IT is six months since foot-and-mouth first appeared in our fair country and yet it is only now that the Government has woken up to the possibility that it may have been ripped off.
And it has only woken up after the personal intervention of the Prime Minister Tony Blair, who realised that the English average of £100,000 for cleaning up each infected farm was so far beyond the Scottish average of £30,000 as to be suspicious. Mr Blair also discovered that the cost of each clean-up in England is ten times the price on the Continent.
It is clearly right that this should be investigated as a matter of urgency so that the disinfecting procedures can start as quickly as possible. Two weeks is being talked of, but even in the slow and fragmented world of government, surely it can't take a fortnight to put in a call from Westminster to Edinburgh to discover how the Scots do it so cheaply.
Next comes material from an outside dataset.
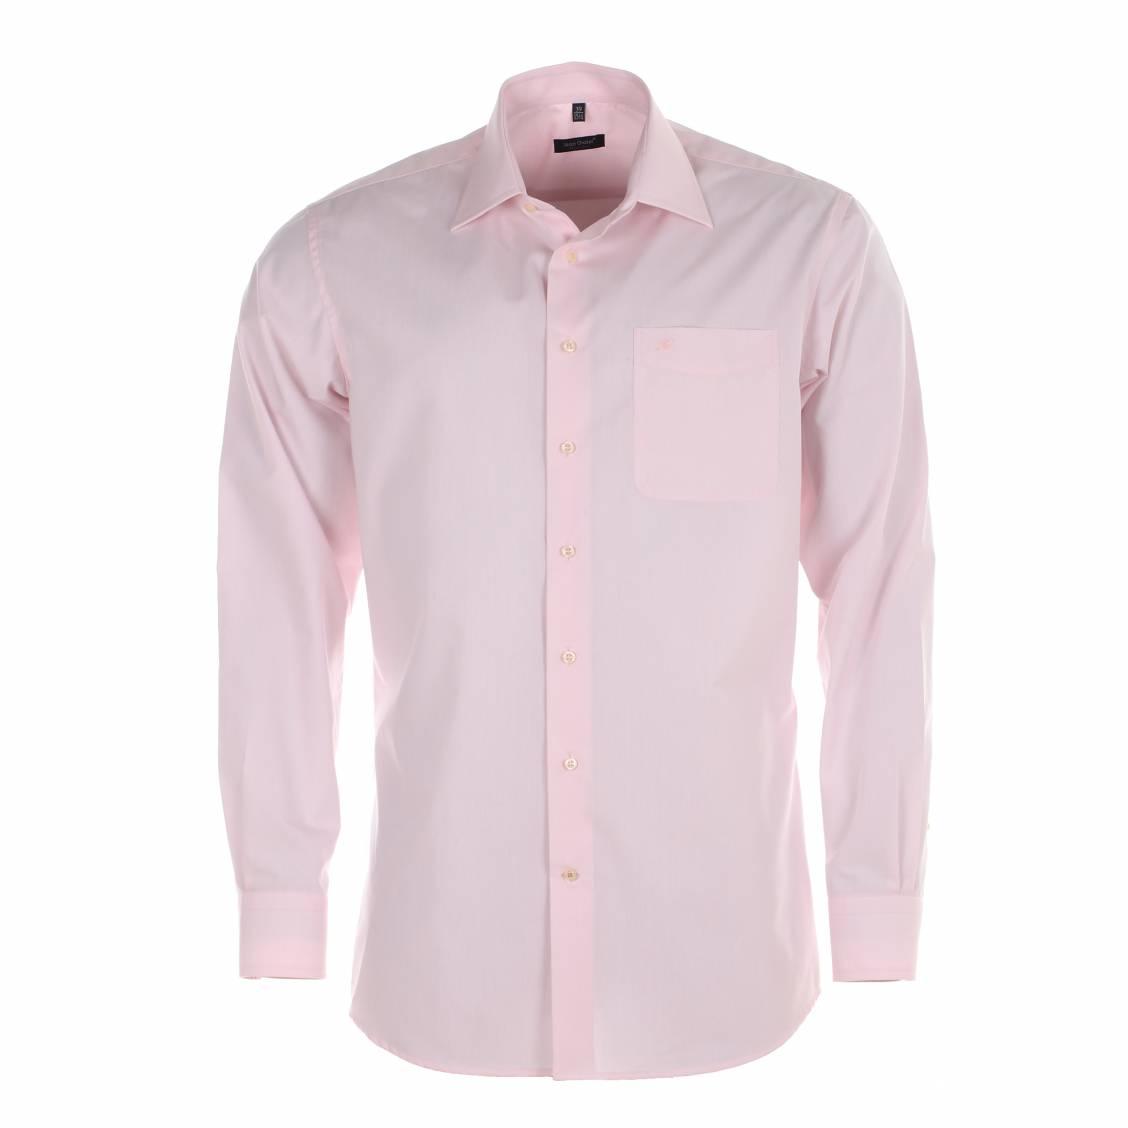 chemise homme sans repassage jean chatel paris rose rue des hommes. Black Bedroom Furniture Sets. Home Design Ideas

The most staggering element of this latest fiasco is that this apparent waste of tax-payers' money should have gone on so long without being noticed or thought about.
After the election, the Ministry of Agriculture, Fisheries and Food was put out of its misery and the Department of for Environment, Food and Rural Affairs was supposed to represent a clean break. However, it was always said that if the same civil servants were shuffled from the old department to the new, the approach to foot-and-mouth would continue to be haphazard. As well as going through the figures with a toothcomb, Mr Blair should be working out which of his civil servants are not up to the job.